Writers Block

Sometimes when I play, I hear every tonal anomaly; I hear strings that are only one cent flat; and I feel imperfect rhythm shifts.  In short, I have become hyper critical of myself.  When this happens, I know from experience I have to push though the noise and find the groove.  As soon as I stop trying to find the groove, the groove happens.   I do not always realize the groove has arrived but I can see it in the faces of my listeners.  Live performance blocks are one thing, but what if the well is dry in the studio?  If you are a song crafter and struggle because of extended writers block, here are some things I do to get back on track that might be helpful for you:

Listen to others. I do not mean turn on the radio and passively listen. I mean seek out the musicians you admire. Then, listen with a critical ear and visualize your fingertips moving over the fret board as if you were playing.  Expand from that. Take the movement someplace else. Begin to build on their ideas and launch into uncharted territory. Many successful sessions come from artists that draw from the roots of their mentors. Finally, keep it simple. Keep it pure. Keep it true to your emotions. Condition yourself to deliver; set your mind on success; then pull back and let the artist inside create music. One of the coolest complements I have ever received came from a restaurant server who said; “No one in the city has music that sounds like yours.”

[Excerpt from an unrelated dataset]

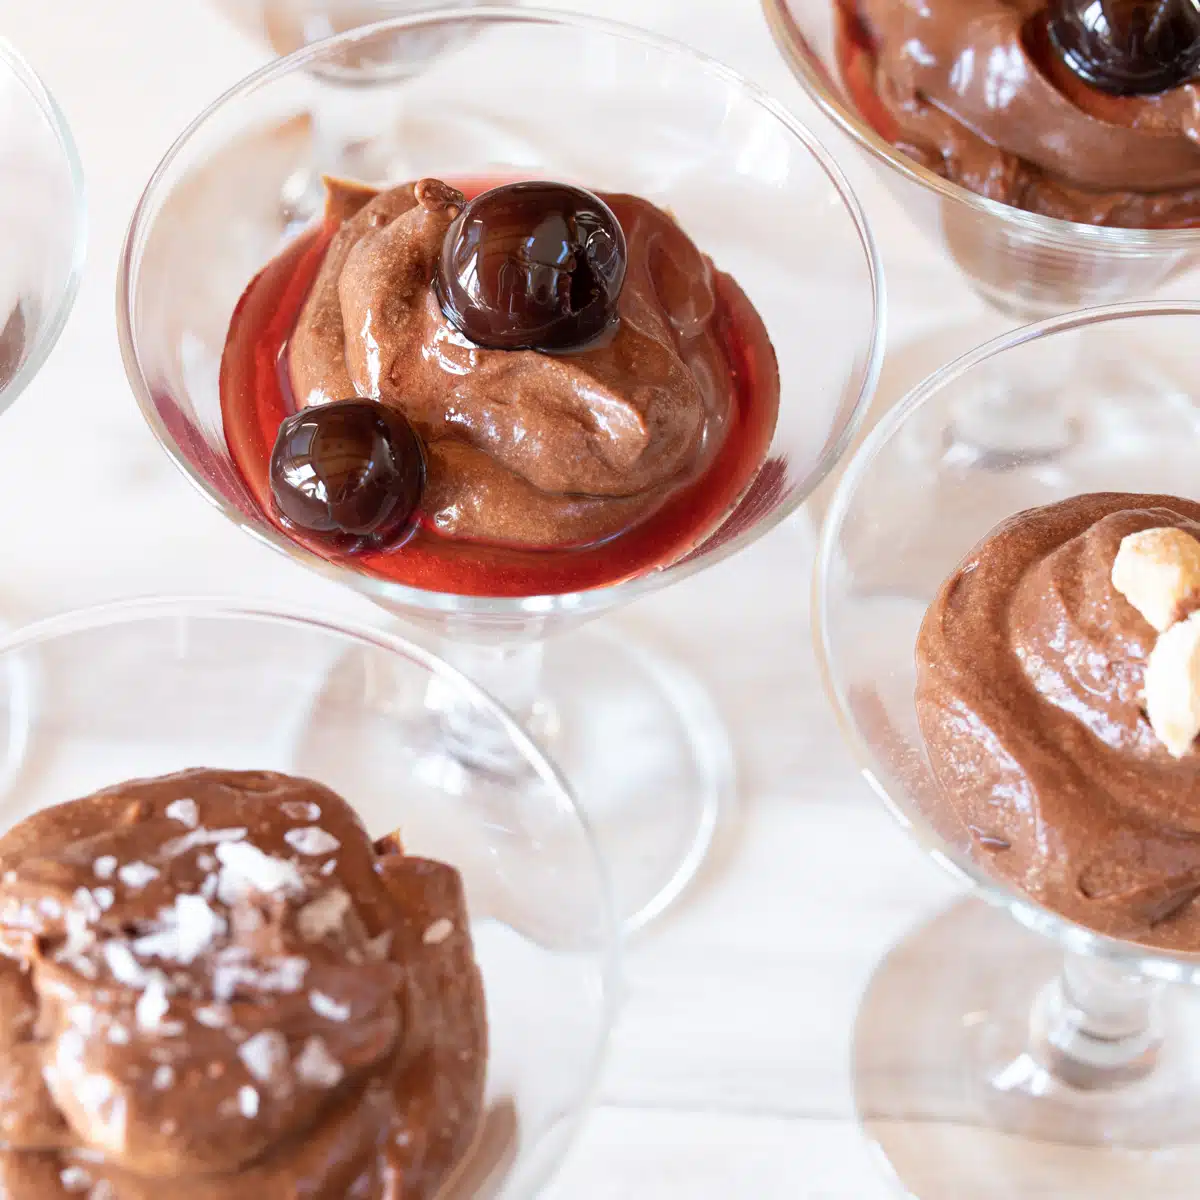 Small glasses filled with Bailey's Chocolate Mousse with different toppings: cherries, nuts, and salt.

Experiment. Sometimes when I am trying to find a new chord pattern that leads to a new set of chops, I browse reference books like the Guitar Grimoire for Progressions and Improvisation. I look for something new; I play it in my mind; and then I try it out by experimenting with different textures of rhythm and timbre. I add additional chords; turn the pattern around; start in the middle; and remove chords until a grove appears. When the grove appears, I capture it on my looper. Then, try it out with chops that fit the chords. Often, new stuff emerges.

Play with others. If you are still struggling, working with other musicians can be a solid way to break the dry spell. It may not be easy at first. There is the pressure to perform. There is the pressure to deliver the goods. However, if you can find the right group of musicians who are accepting and selfless in their willingness to share and work with others, it can help your confidence levels when creating music. Once the group begins to trust each other, you can obtain instant feedback on new ideas. Some of my favorite times in a group occur when I lay down a groove of rich rhythm chords and then listen to how others interpret and create leads on my chord structure.

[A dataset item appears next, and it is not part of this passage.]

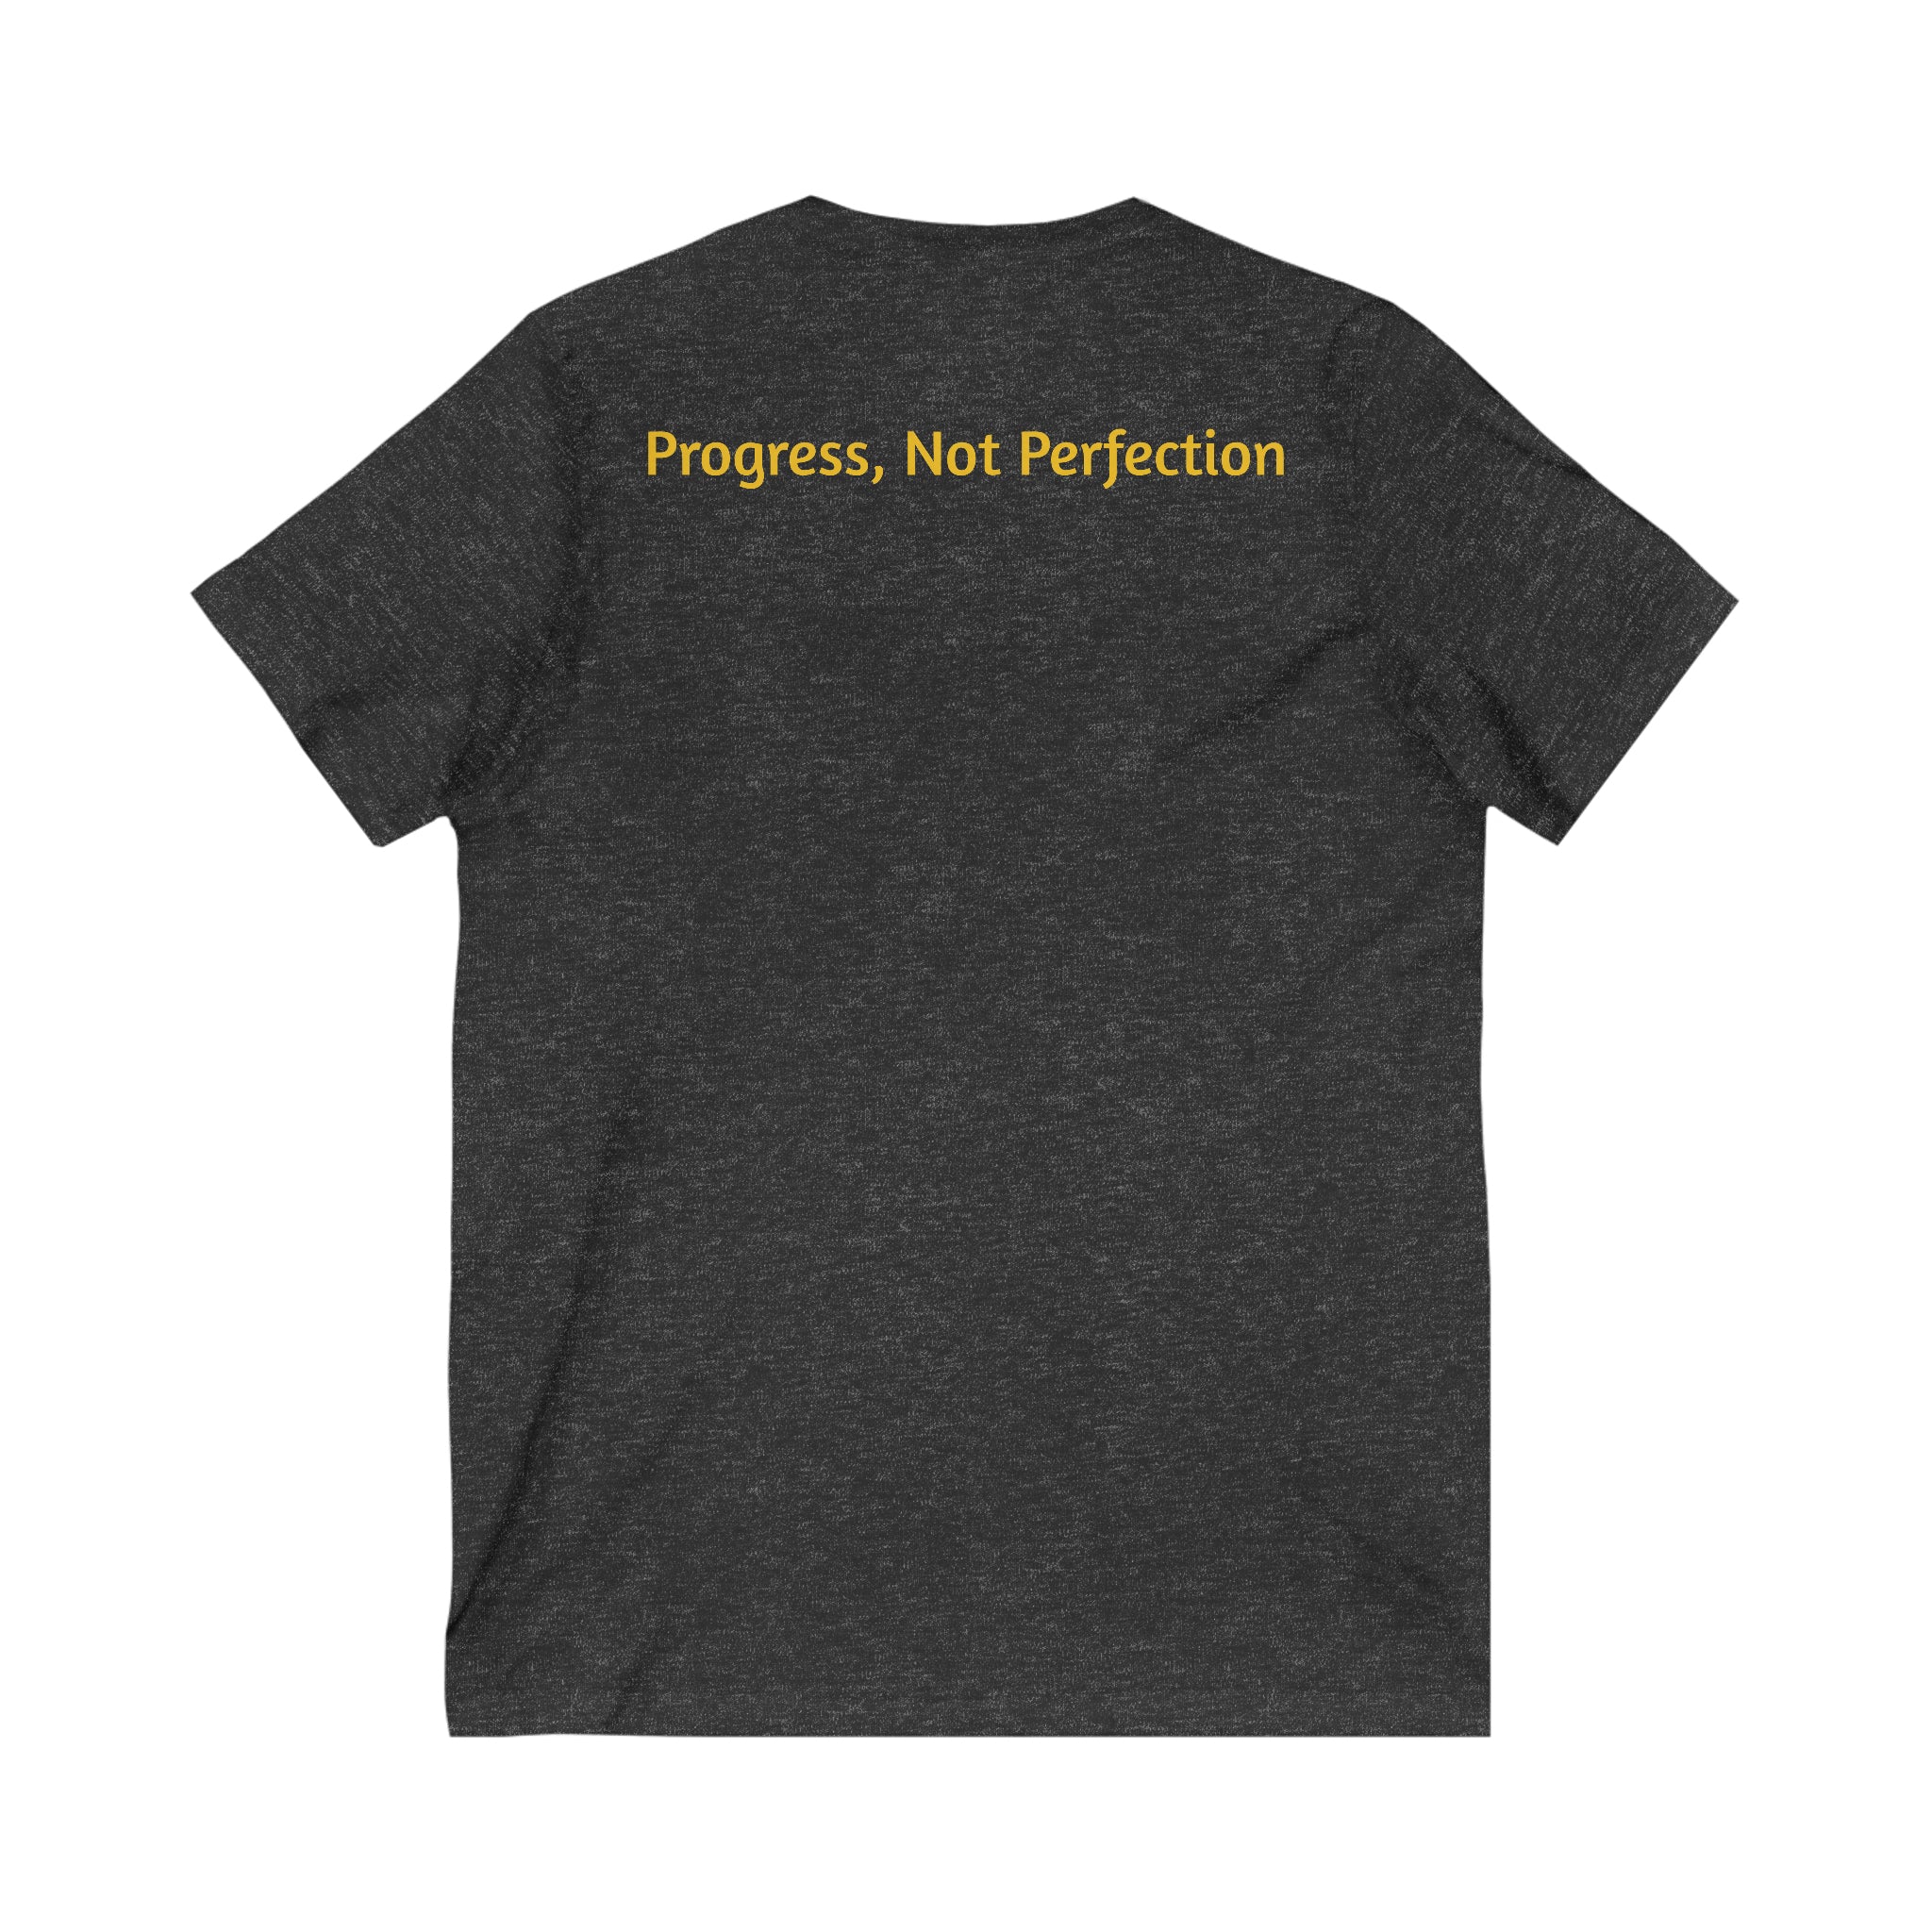 Progress, not perfection V-Neck T-Shirt Dark Grey Heather Athleisure Wear Casual Hoodie Comfort Hoodie Cozy Hoodie Graphic Hoodie Hooded Sweatshirt Hoodie Men's Hoodie Pullover Hoodie Women's Hoodie V-neck 8226035755063137951_2048_847aa186-4a72-4a84-a069-84957e391107 Printify

Take a Break. Sometimes, I record what I have and move on. If it is not what I feel, but cannot get the feeling on the hard drive, I record what I have and walk away. It may be the next day, or even the next week before I listen again to the recording. Sometimes, on the second or third listen, I hear the missing link and the idea blossoms into a song. Sometimes I realize that the whole idea is flat and needs to go away. In the end, a little break helps me to become objective about the song.